Could you output exactly the lines running from the one containing "Waterloo plum - recycled" to the final line of the listing below, leaving out pictures?

START Provided material

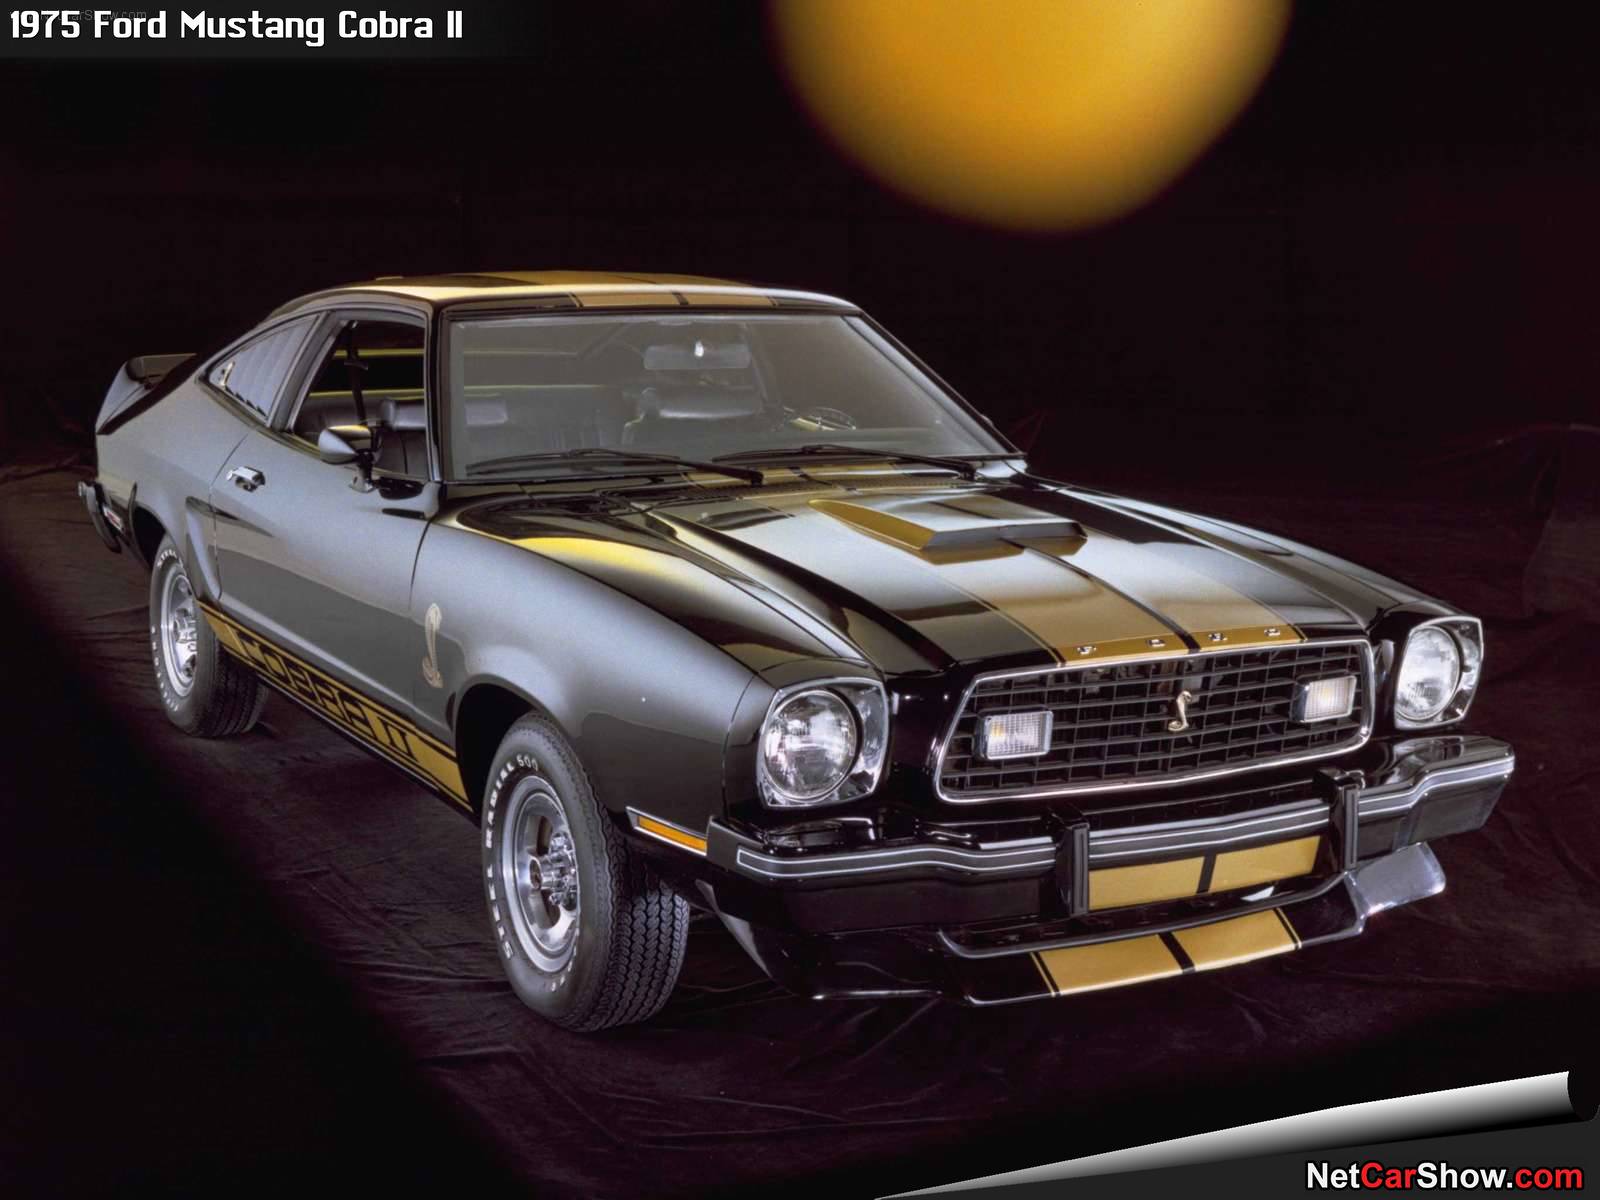 Ford-Mustang_Cobra_II-1975-wallpaper.jpg
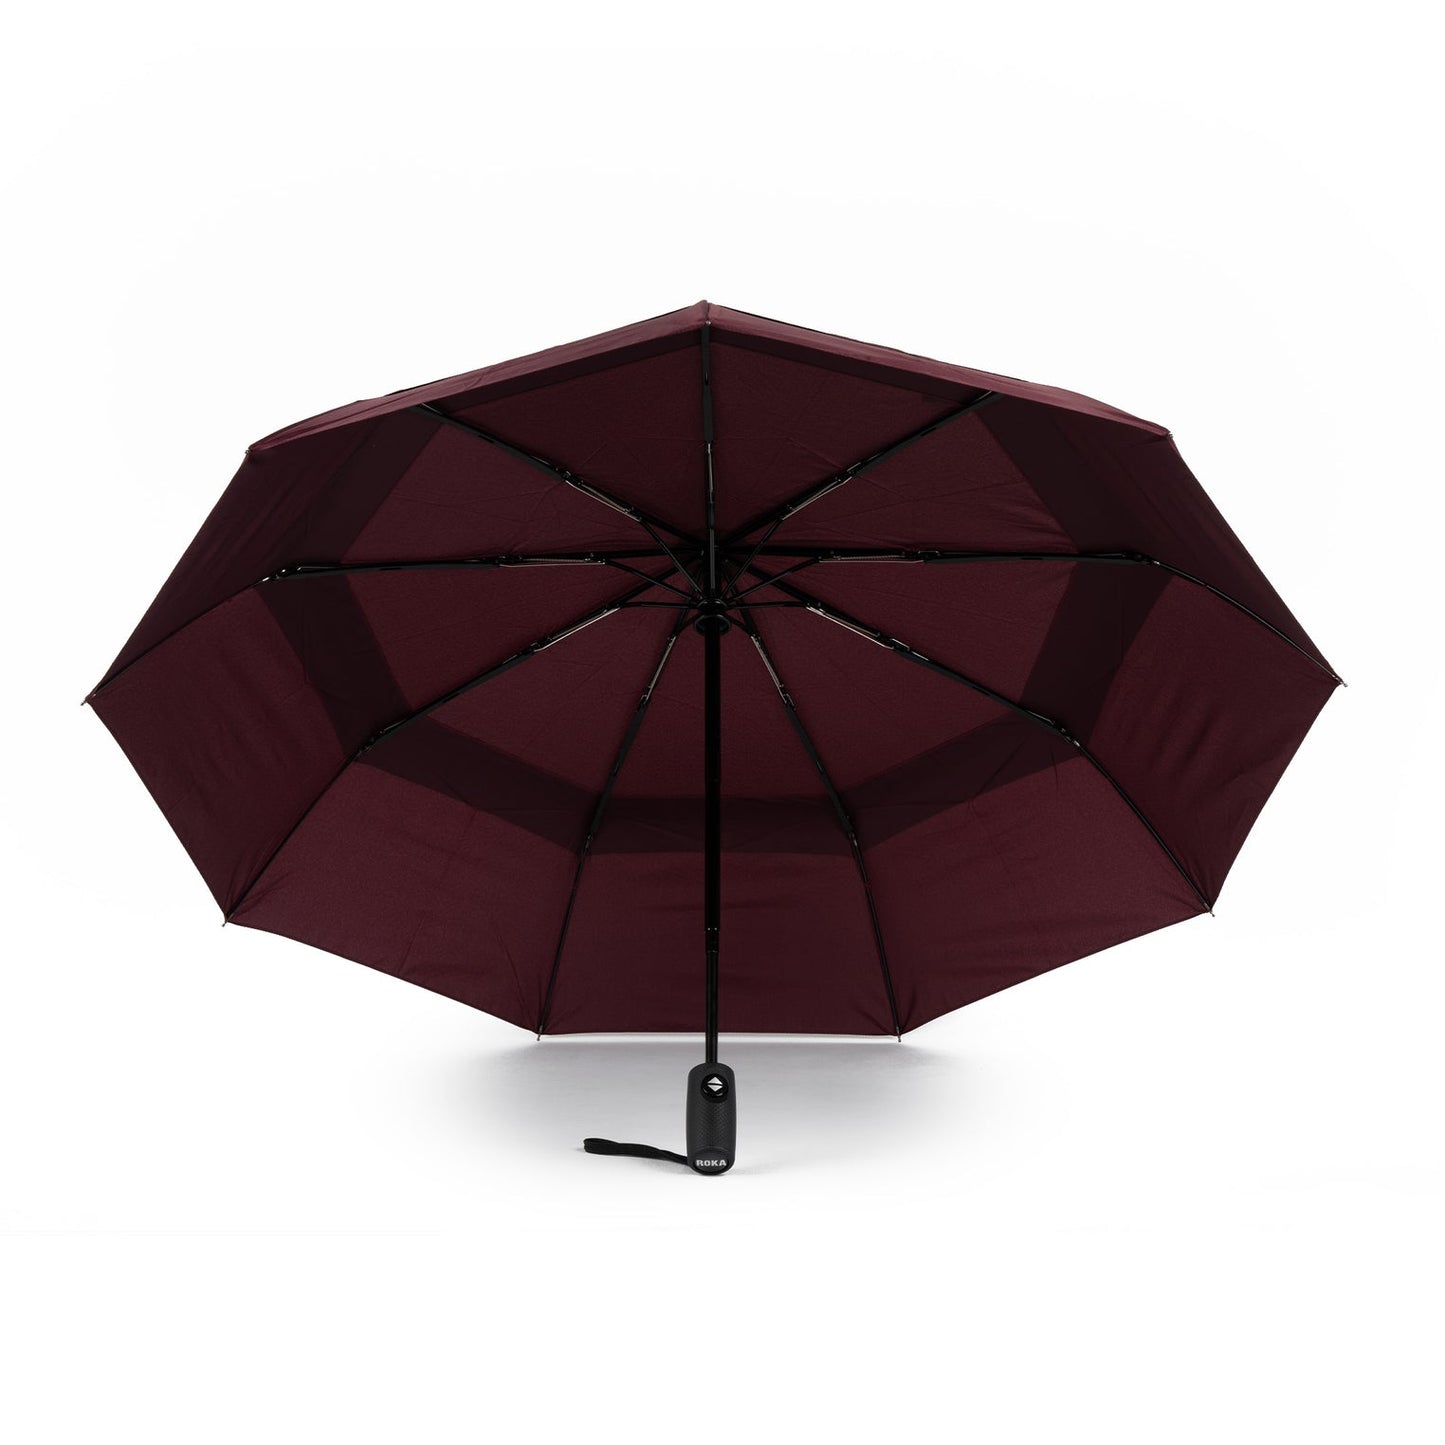 Waterloo plum - recycled & eco-friendly umbrella
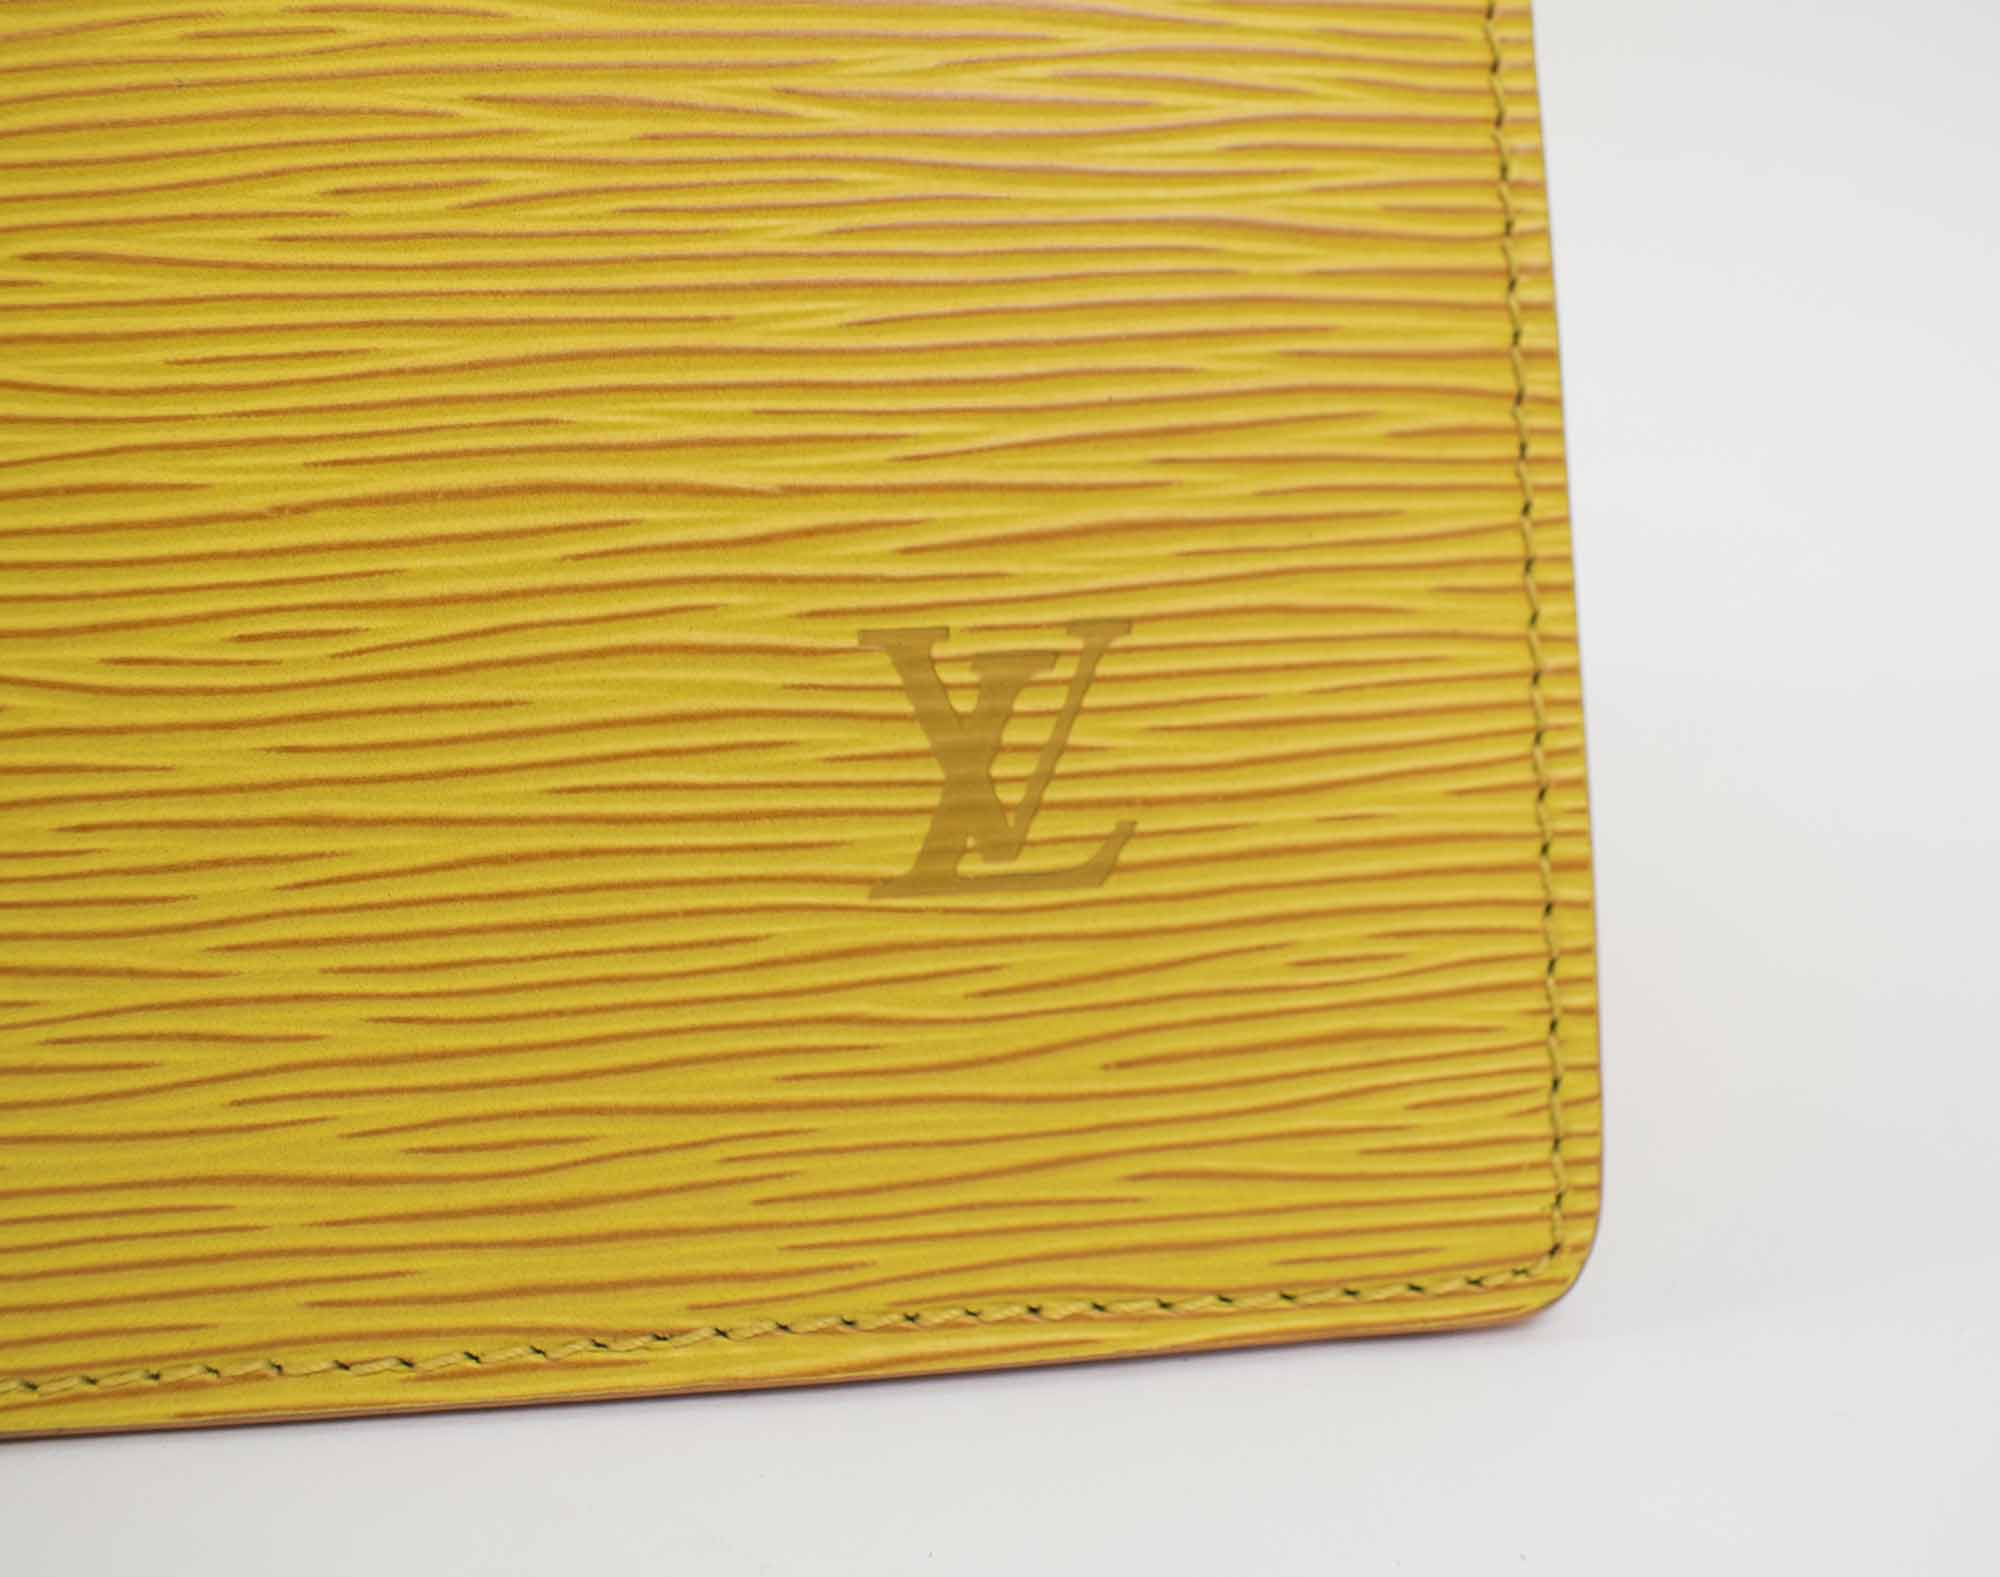 Saffiano leather Triangle bag Yellow, Louis Vuitton Editions Limitées  Handbag 366306

END Provided material

* **Answer**
 Waterloo plum - recycled & eco-friendly umbrella
 Saffiano leather Triangle bag Yellow, Louis Vuitton Editions Limitées  Handbag 366306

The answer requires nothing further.